ADABOOST -> LEARNING RATE (0 <= LEARNINGRATE <= 1)

REWRITE ABOUT ADABOOST & GRADIENTBOOSTING

In [2]:
import pandas as pd
import numpy as np
import seaborn as sns
import matplotlib.pyplot as plt

from sklearn.ensemble import AdaBoostClassifier, GradientBoostingRegressor
from sklearn.tree import DecisionTreeClassifier, DecisionTreeRegressor
from sklearn.metrics import roc_auc_score, mean_squared_error as MSE
from sklearn.model_selection import train_test_split

sns.set()

In [3]:
from sklearn.datasets import load_breast_cancer

cancer = load_breast_cancer()
X, y = cancer.data, cancer.target

X_train, X_test, y_train, y_test = train_test_split(X, y, test_size=.3, stratify=y)

In [4]:
dt = DecisionTreeClassifier(max_depth=1)
adaboost = AdaBoostClassifier(base_estimator=dt, n_estimators=100)

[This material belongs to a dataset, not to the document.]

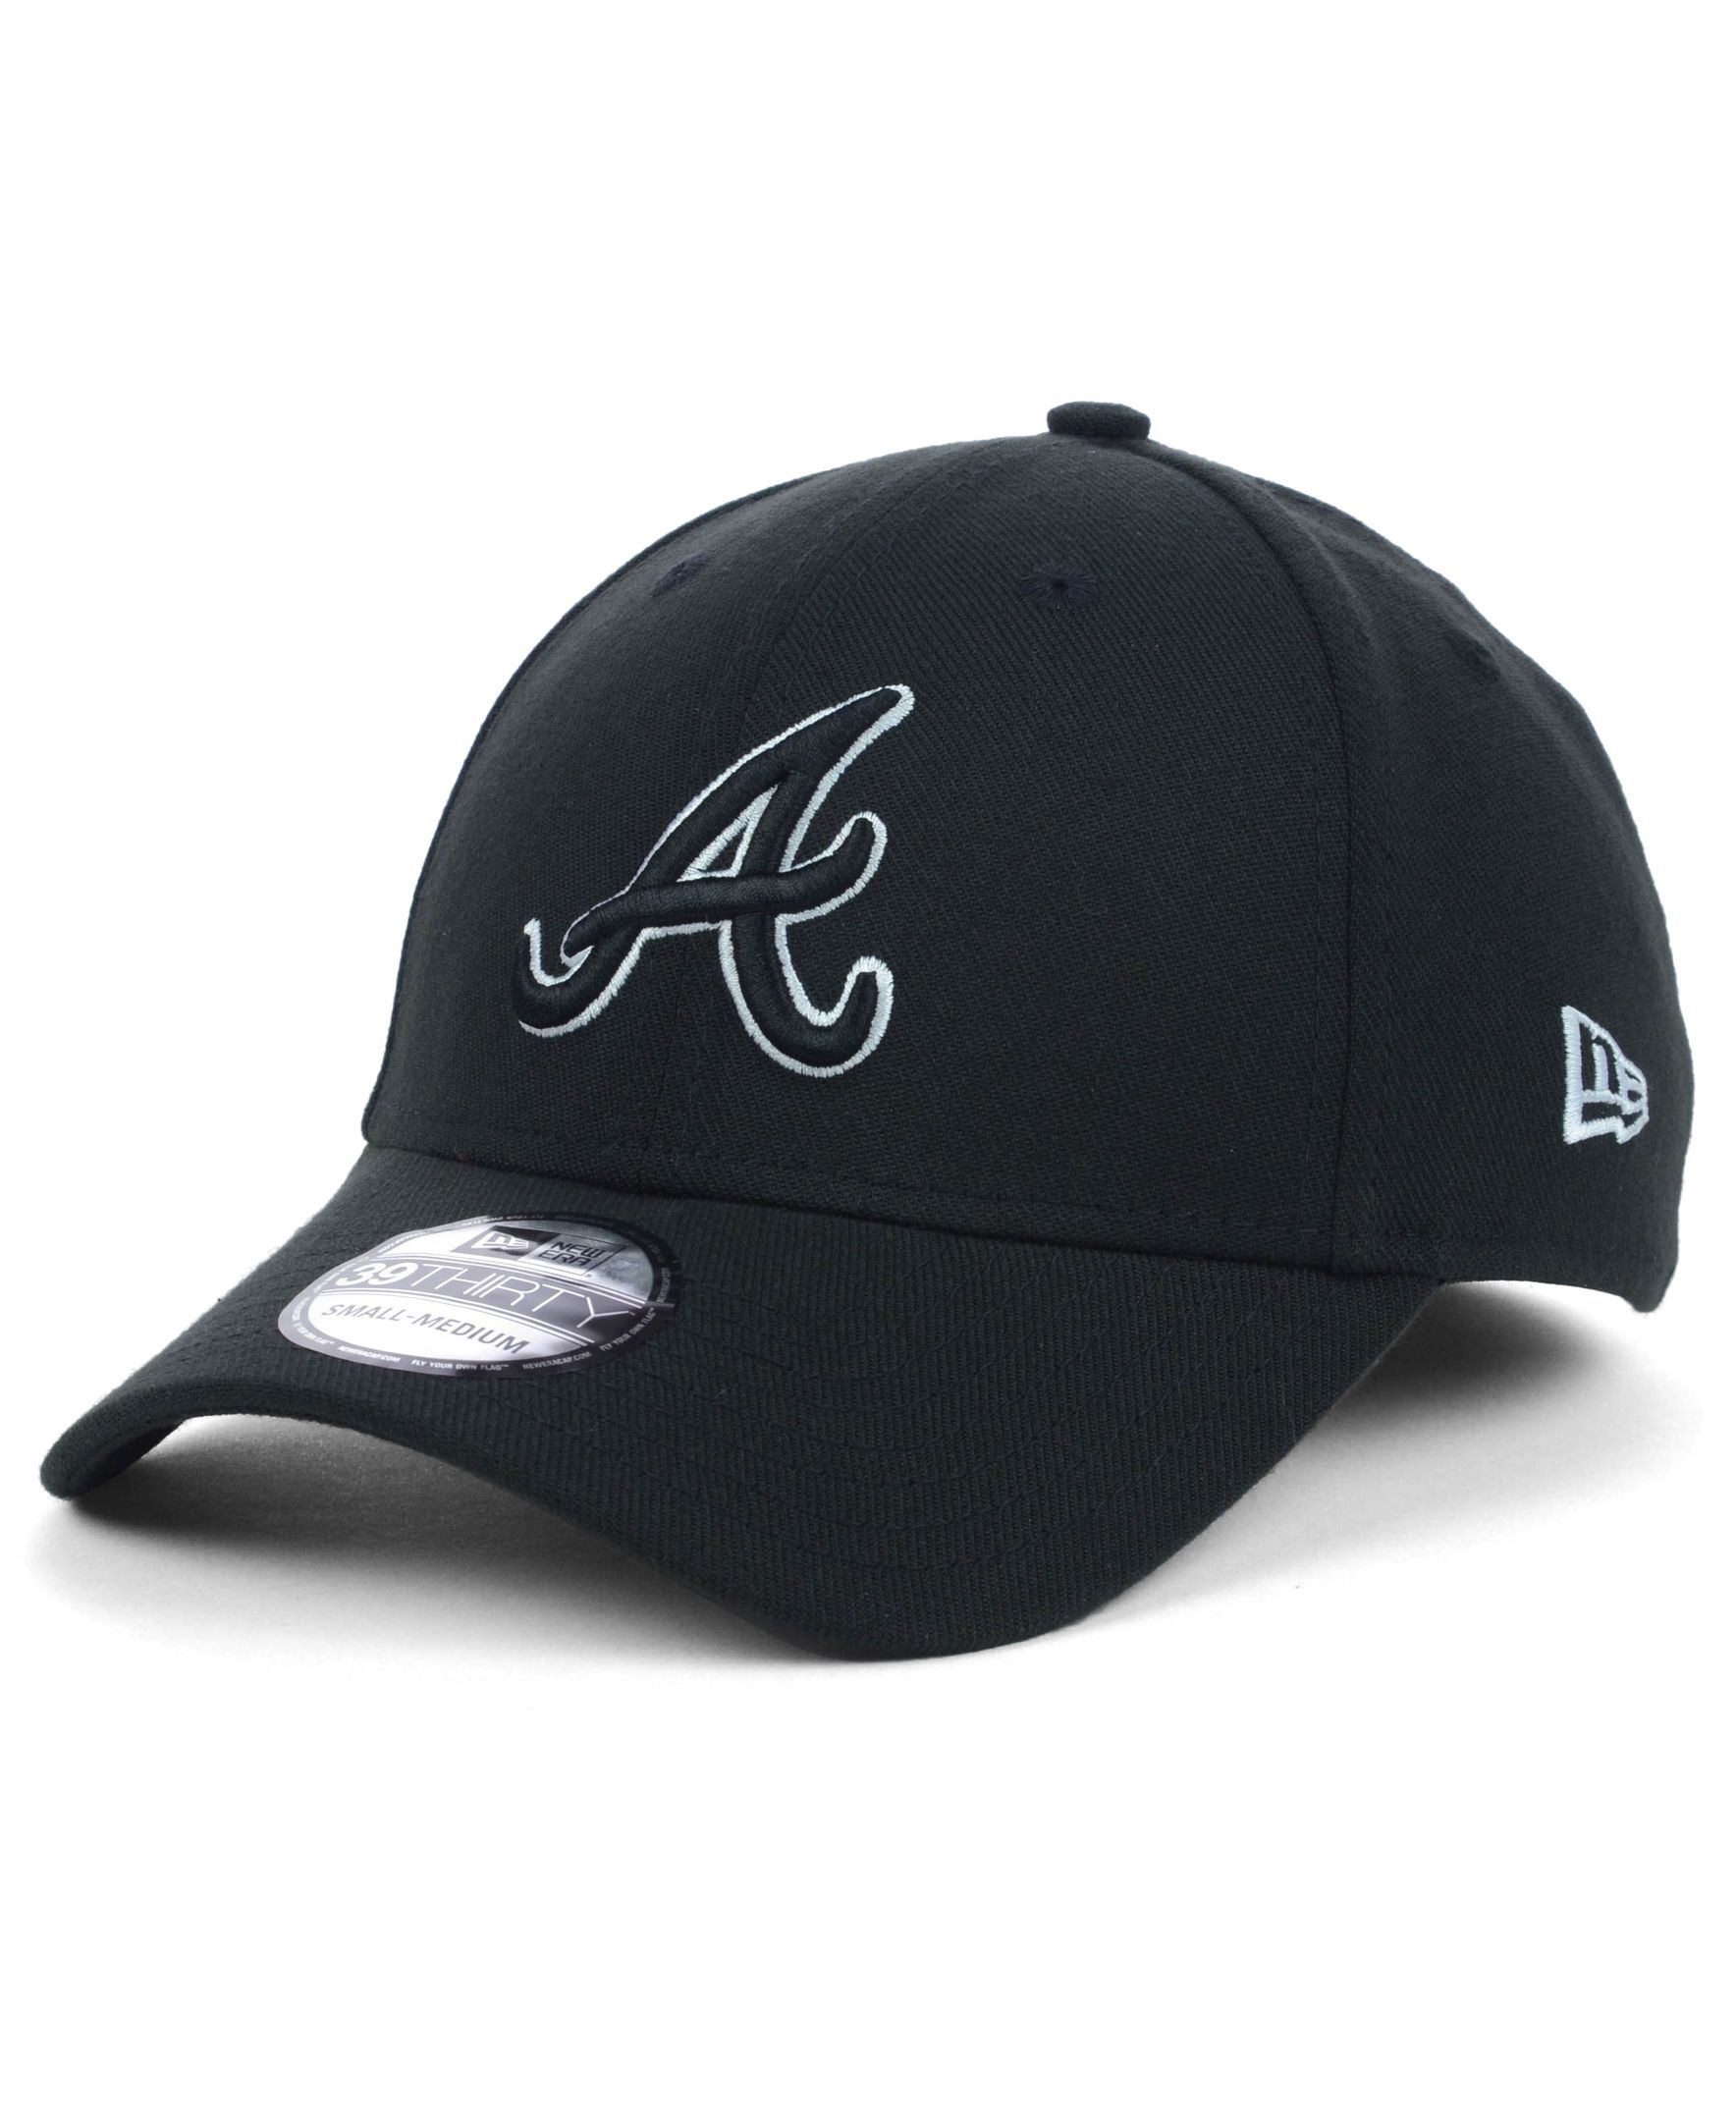 New Era Atlanta Braves Black And White Classic 39thirty Cap Atlanta Braves New Era Black

adaboost.fit(X_train, y_train)

y_pred_proba = adaboost.predict_proba(X_test)[:, 1]

# evaluate test set roc_auc_score
adaboost_roc_auc = roc_auc_score(y_test, y_pred_proba)

print(f'ROC AUC score: {adaboost_roc_auc}')

ROC AUC score: 0.9811623831775701


# GradientBoosting
- sequential correction of predecessor's errors
- doesn't tweak the weights of training instances (unlike AdaBoost)
- fit each predictor is trained using its predecessor's residual errors as labels


In [5]:
auto_mpg = pd.read_csv('datasets/auto_mpg.csv')
auto_mpg = pd.get_dummies(auto_mpg, columns=['origin'])
X, y = auto_mpg.drop('mpg', axis=1), auto_mpg['mpg']

In [6]:
X_train, X_test, y_train, y_test = train_test_split(X, y, test_size=.3)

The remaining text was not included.